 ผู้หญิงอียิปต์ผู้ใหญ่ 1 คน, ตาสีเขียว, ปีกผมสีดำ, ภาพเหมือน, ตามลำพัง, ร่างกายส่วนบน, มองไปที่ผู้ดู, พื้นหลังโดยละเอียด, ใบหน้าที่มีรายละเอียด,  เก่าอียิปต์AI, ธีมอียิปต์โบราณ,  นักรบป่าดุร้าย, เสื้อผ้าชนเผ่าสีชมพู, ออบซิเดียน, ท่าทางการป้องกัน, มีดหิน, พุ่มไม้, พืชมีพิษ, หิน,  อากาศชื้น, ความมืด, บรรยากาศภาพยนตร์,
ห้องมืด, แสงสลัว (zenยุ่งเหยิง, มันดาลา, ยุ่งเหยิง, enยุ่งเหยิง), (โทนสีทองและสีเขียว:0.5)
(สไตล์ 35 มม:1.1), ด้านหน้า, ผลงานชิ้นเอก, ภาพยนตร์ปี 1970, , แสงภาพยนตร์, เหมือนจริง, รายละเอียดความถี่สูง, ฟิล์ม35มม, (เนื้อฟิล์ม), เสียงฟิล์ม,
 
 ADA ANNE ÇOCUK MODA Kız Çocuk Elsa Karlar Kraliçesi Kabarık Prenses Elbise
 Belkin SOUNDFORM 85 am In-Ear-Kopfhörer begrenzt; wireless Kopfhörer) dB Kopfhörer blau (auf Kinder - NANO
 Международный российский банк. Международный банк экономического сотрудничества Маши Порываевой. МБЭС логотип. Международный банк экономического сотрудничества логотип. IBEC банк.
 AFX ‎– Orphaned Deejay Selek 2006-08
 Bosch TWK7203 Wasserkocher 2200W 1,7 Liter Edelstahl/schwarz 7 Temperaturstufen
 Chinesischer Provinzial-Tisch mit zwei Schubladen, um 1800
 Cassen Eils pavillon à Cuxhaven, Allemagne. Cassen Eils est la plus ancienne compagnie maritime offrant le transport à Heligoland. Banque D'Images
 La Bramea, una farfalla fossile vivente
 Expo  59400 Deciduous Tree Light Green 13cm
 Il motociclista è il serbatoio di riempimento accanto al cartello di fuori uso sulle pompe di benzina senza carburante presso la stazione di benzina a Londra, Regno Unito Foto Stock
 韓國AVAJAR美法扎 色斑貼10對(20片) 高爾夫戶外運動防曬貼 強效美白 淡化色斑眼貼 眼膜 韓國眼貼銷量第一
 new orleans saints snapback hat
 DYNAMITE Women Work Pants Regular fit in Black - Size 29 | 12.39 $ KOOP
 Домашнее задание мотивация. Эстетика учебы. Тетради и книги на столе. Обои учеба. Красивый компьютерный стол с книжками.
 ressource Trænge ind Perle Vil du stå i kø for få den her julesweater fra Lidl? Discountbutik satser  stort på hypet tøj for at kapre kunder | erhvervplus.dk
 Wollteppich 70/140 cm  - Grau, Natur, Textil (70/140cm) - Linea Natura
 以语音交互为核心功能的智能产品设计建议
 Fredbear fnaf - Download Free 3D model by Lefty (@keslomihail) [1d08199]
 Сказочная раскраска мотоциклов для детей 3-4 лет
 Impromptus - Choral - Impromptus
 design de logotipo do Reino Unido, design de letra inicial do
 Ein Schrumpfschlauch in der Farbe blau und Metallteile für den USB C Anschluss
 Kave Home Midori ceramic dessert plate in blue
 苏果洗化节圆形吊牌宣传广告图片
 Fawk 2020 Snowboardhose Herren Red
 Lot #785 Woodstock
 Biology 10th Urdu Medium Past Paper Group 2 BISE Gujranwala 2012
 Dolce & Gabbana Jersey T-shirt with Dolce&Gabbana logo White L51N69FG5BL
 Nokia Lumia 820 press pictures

===

WHAT TO WORK ON
Your task is to reproduce exactly the lines from the one with "Wollteppich 70/140 cm" through the end of the listing. Both ends belong in the answer.

RESPONSE TO THIS TASK
 Wollteppich 70/140 cm  - Grau, Natur, Textil (70/140cm) - Linea Natura
 以语音交互为核心功能的智能产品设计建议
 Fredbear fnaf - Download Free 3D model by Lefty (@keslomihail) [1d08199]
 Сказочная раскраска мотоциклов для детей 3-4 лет
 Impromptus - Choral - Impromptus
 design de logotipo do Reino Unido, design de letra inicial do
 Ein Schrumpfschlauch in der Farbe blau und Metallteile für den USB C Anschluss
 Kave Home Midori ceramic dessert plate in blue
 苏果洗化节圆形吊牌宣传广告图片
 Fawk 2020 Snowboardhose Herren Red
 Lot #785 Woodstock
 Biology 10th Urdu Medium Past Paper Group 2 BISE Gujranwala 2012
 Dolce & Gabbana Jersey T-shirt with Dolce&Gabbana logo White L51N69FG5BL
 Nokia Lumia 820 press pictures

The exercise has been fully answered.